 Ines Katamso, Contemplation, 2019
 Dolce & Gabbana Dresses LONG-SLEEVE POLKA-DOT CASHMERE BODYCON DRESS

--

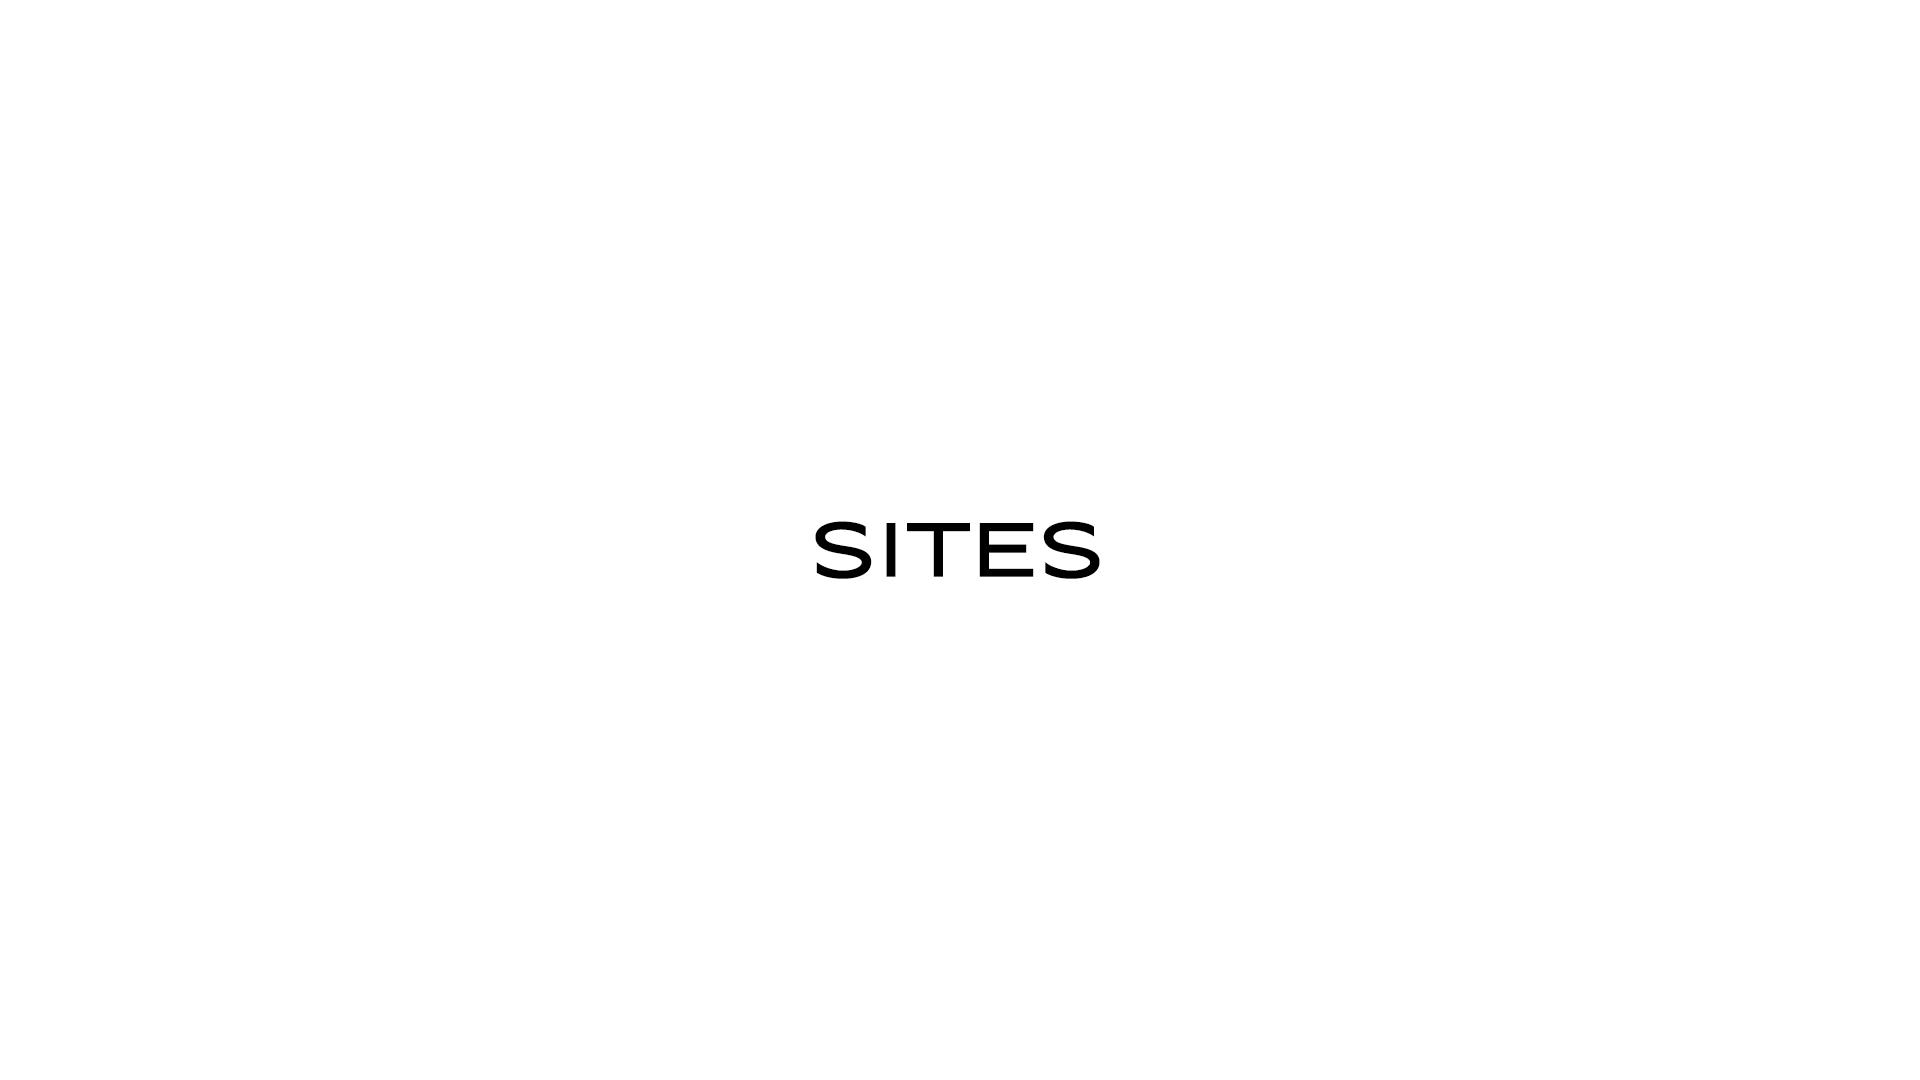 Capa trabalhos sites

...

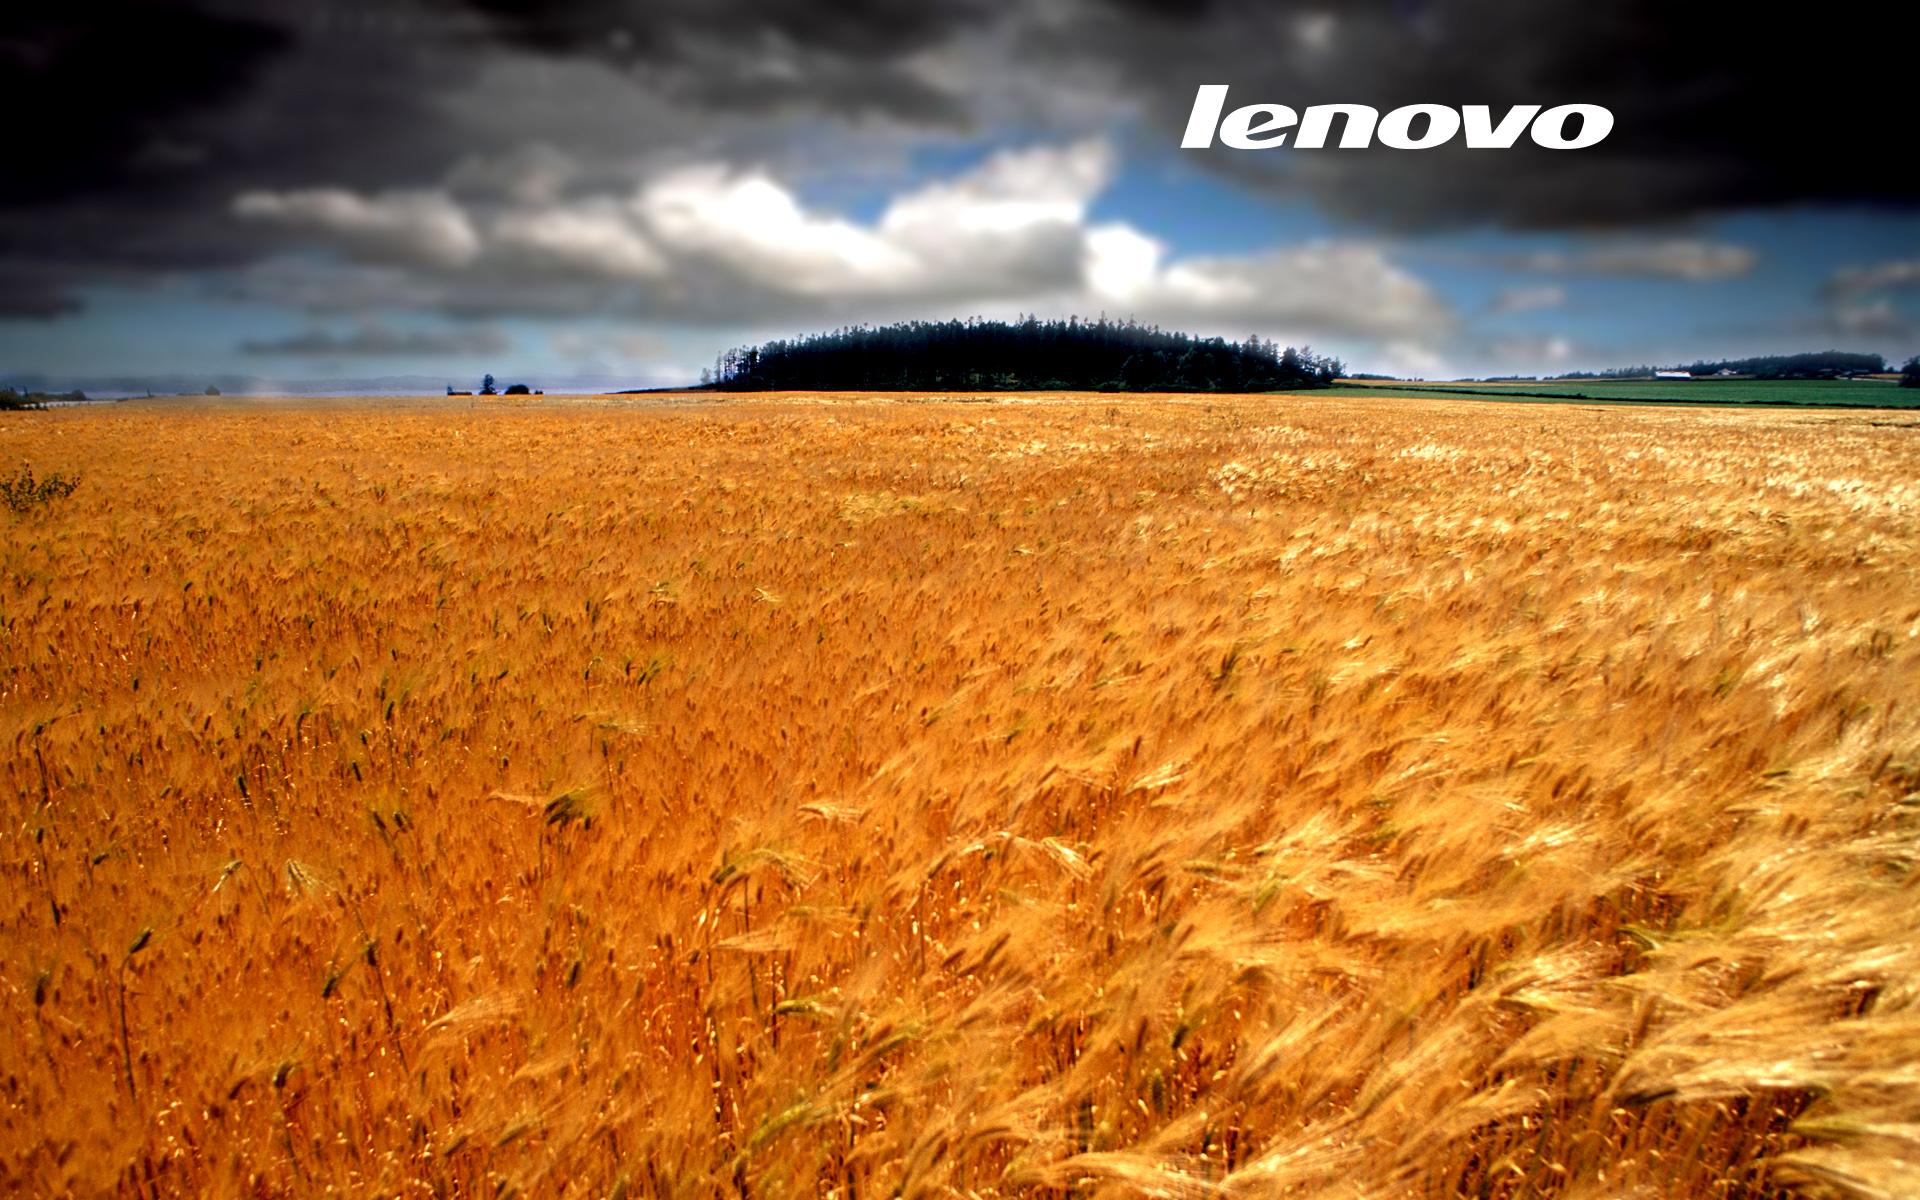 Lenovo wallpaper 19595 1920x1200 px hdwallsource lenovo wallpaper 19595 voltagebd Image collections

* **Action item**
Where the listing above reaches the line that contains "Ines Katamso, Contemplation, 2019", start retyping, and finish with the line that contains "Dolce & Gabbana"; reproduce those lines exactly and no others.

* **Answer space**
 Ines Katamso, Contemplation, 2019
 Dolce & Gabbana Dresses LONG-SLEEVE POLKA-DOT CASHMERE BODYCON DRESS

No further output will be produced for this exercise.